Let's talk about why trees need that chaos. Pure decision trees chase purity greedily; they pick the split that minimizes impurity the most. But that leads to brittle models, you know? They memorize the training data too well. Randomness shakes things up, forces the tree to explore other paths.

Hmmm, think about the CART algorithm I use a lot. It grows trees deterministically, but I often add random seeds for reproducibility. Without randomness, every run gives the same tree. Boring, right? You want variety to test robustness.

Or take random split selection. Instead of always grabbing the absolute best feature for a split, you sample a subset randomly. I do this in scikit-learn all the time. It prevents one strong feature from dominating every node. Your model generalizes better that way.

And in deeper trees, randomness curbs overfitting. You prune them anyway, but random choices during growth add another layer of control. I saw this in a Kaggle comp; my random forest beat the plain tree by miles. You should try injecting randomness early.

But wait, randomness really shines in ensembles. Single trees suffer high variance; they swing wildly with small data changes. I hate that instability. Random forests fix it by averaging many trees, each built with random twists. You get lower variance, smoother predictions.

Bootstrapping is key here. You sample data with replacement for each tree, so some points repeat, others vanish. I call it bagging in my notes. That randomness in samples creates diverse trees. Without it, all trees look alike, and you lose the ensemble magic.

Feature randomness takes it further. At each split, you pick from a random subset of features, not all. I set mtry to sqrt of total features usually. It decorrelates the trees, boosts strength. You notice predictions stabilize across runs.

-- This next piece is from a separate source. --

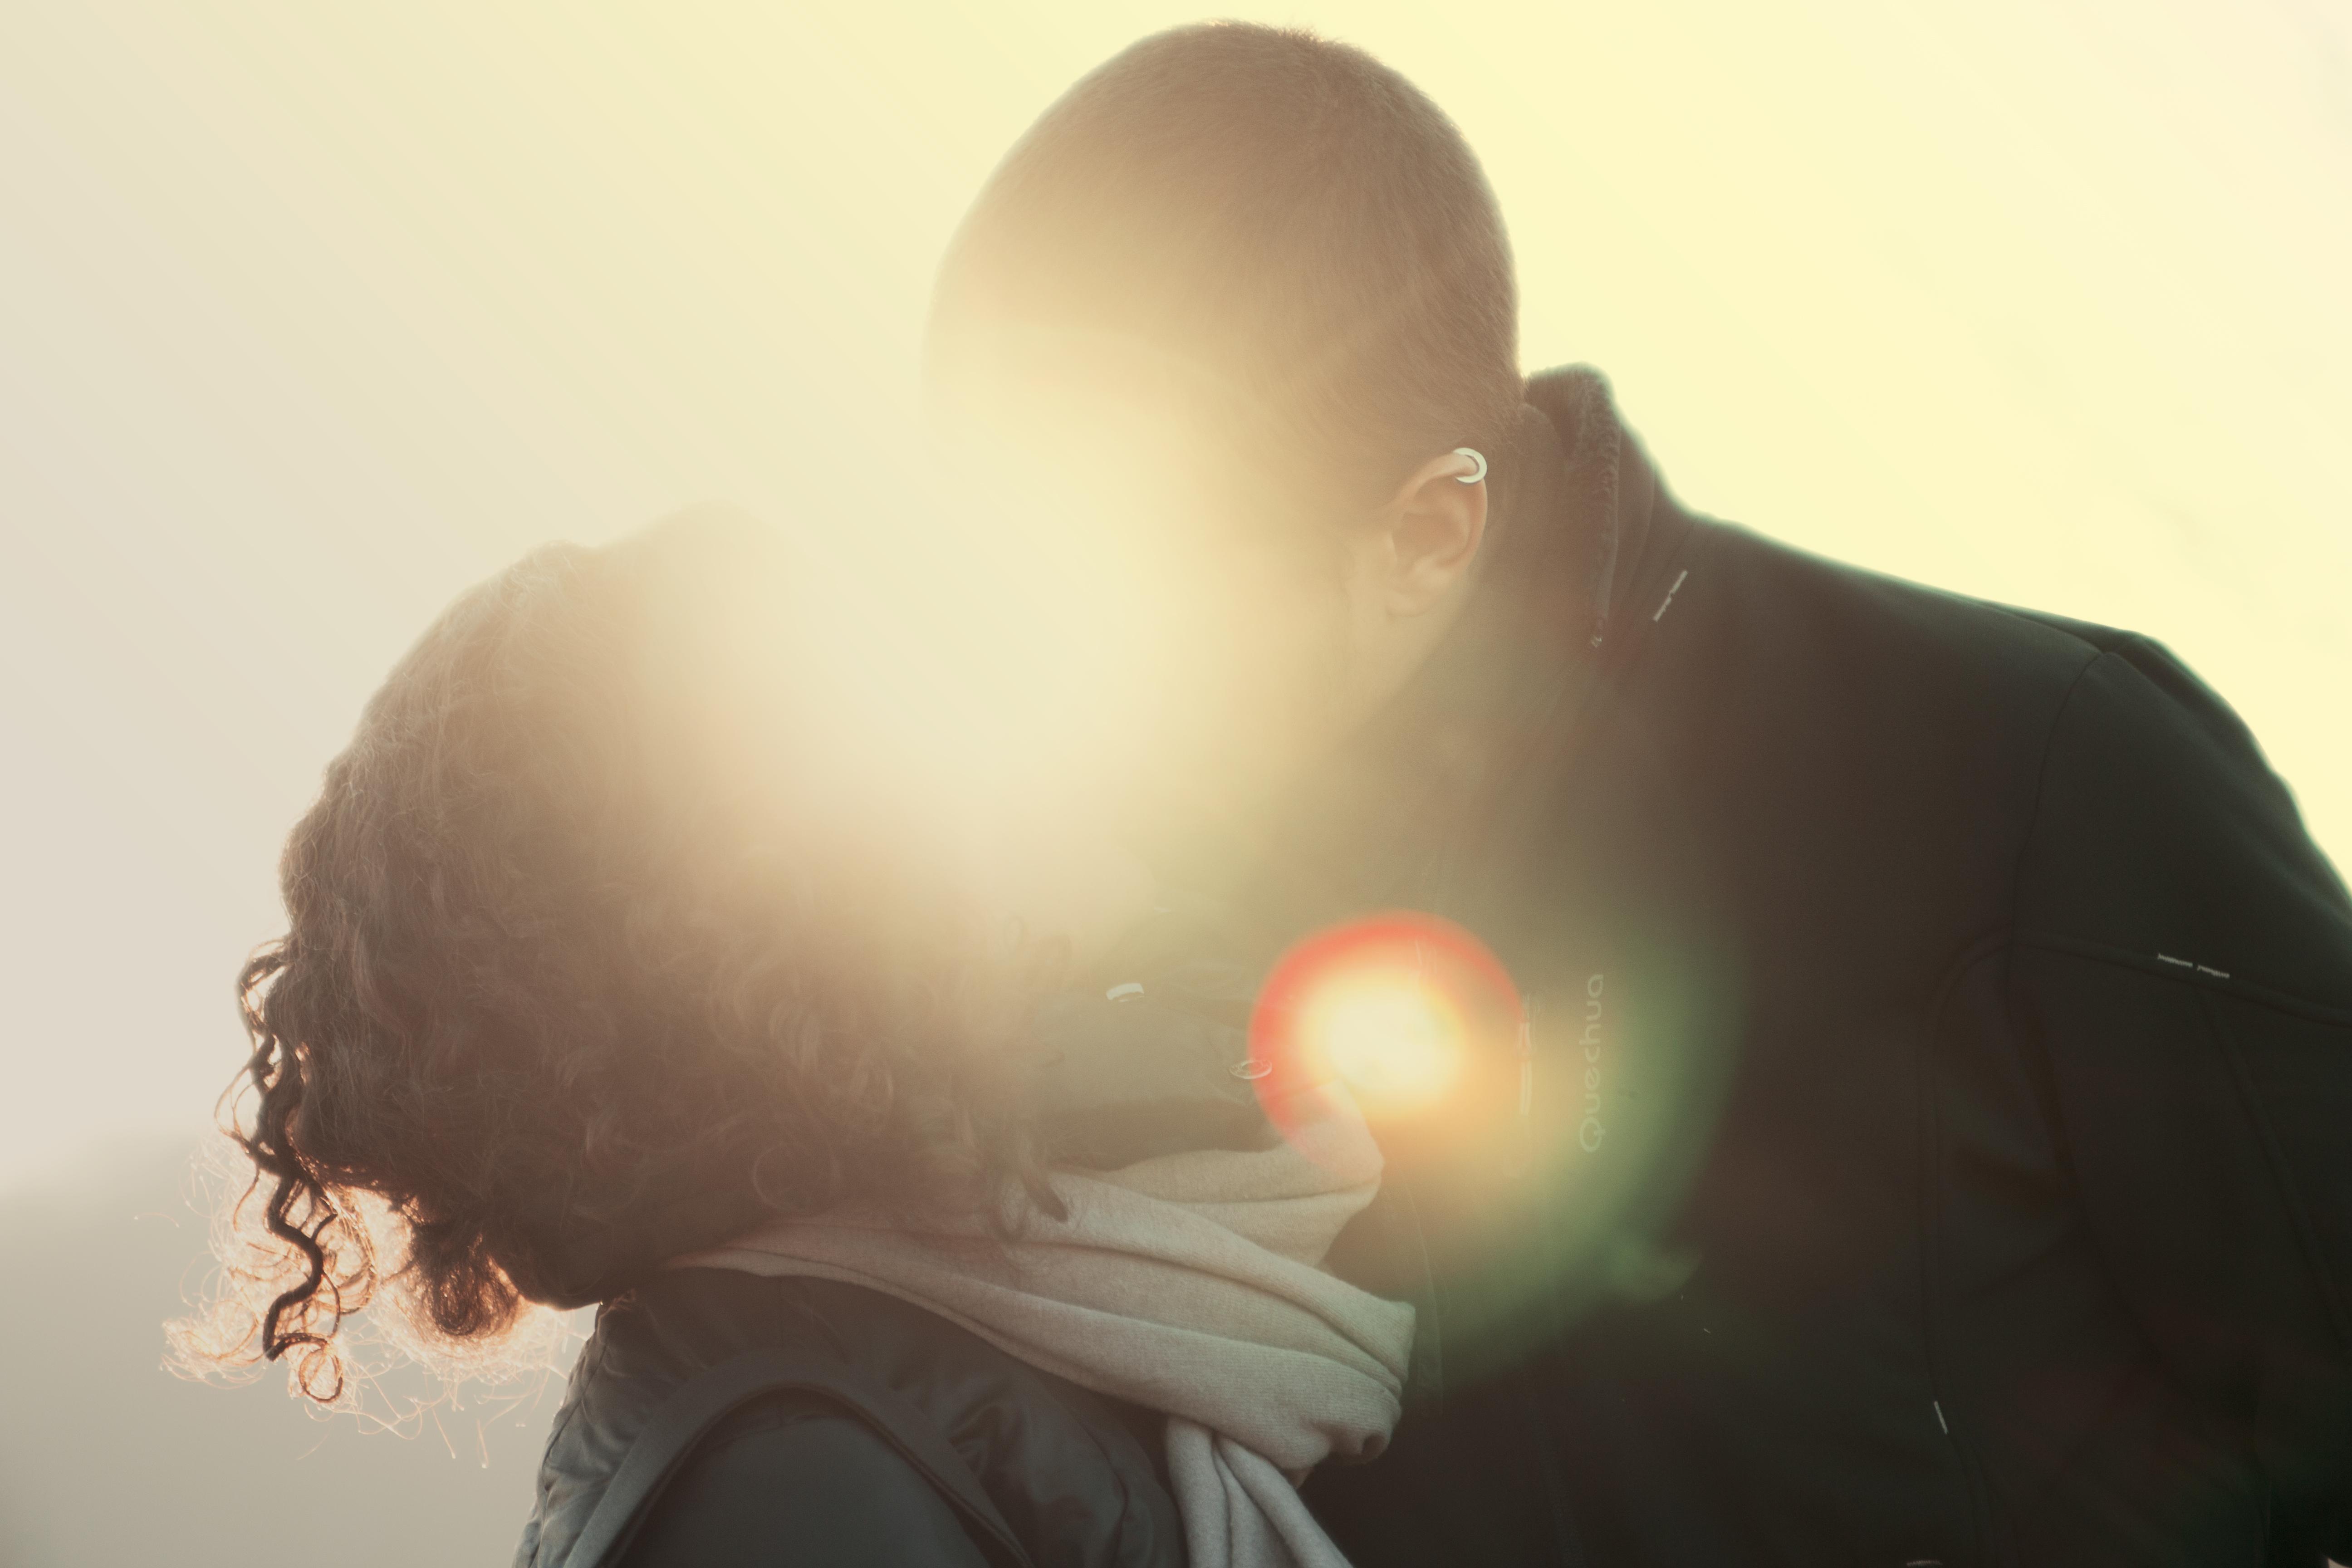 Gli uomini narcisisti: 5 modi per riconoscerli
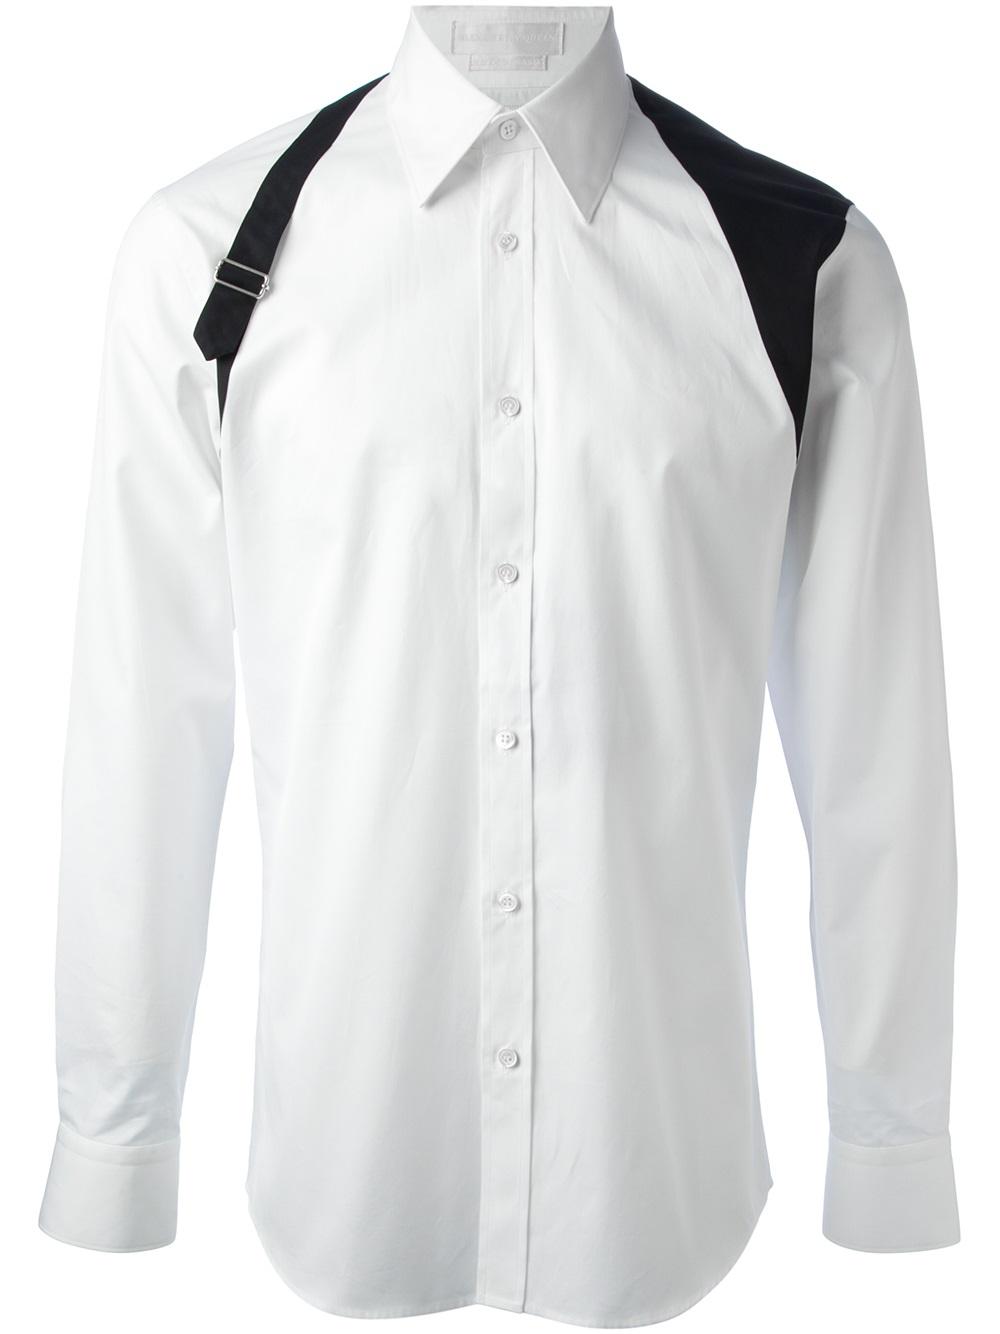 Lyst alexander mcqueen harness detail shirt in white for men for Alexander mcqueen shirt men

Why does this matter for you in AI studies? Randomness mimics human intuition sometimes; we don't always pick the optimal path. Trees with randomness handle noisy data better. I tested on imbalanced datasets, and random versions nailed the minorities. Plain trees ignored them.

Partial sentences like this: yeah, randomness fights bias too, in a way. Not the statistical bias, but the greedy bias. You avoid always splitting on the same features. Diverse splits capture interactions you might miss. I love how it uncovers hidden patterns.

Or consider extremely randomized trees. They push randomness harder, trying multiple random splits per node and picking the best among those. I experimented with them for regression tasks. Faster training, similar accuracy. You could use that for big data.

Hmmm, but does randomness hurt interpretability? A bit, yeah. Single trees let you trace decisions easily. With random forests, you average black boxes. I explain to stakeholders by showing feature importances. You aggregate across trees, and it still makes sense.

In practice, I tune the random state for consistency. You set a seed, and results repeat. Crucial for papers or demos. Without it, reviewers think you're faking. Randomness isn't chaos; it's controlled wiggle room.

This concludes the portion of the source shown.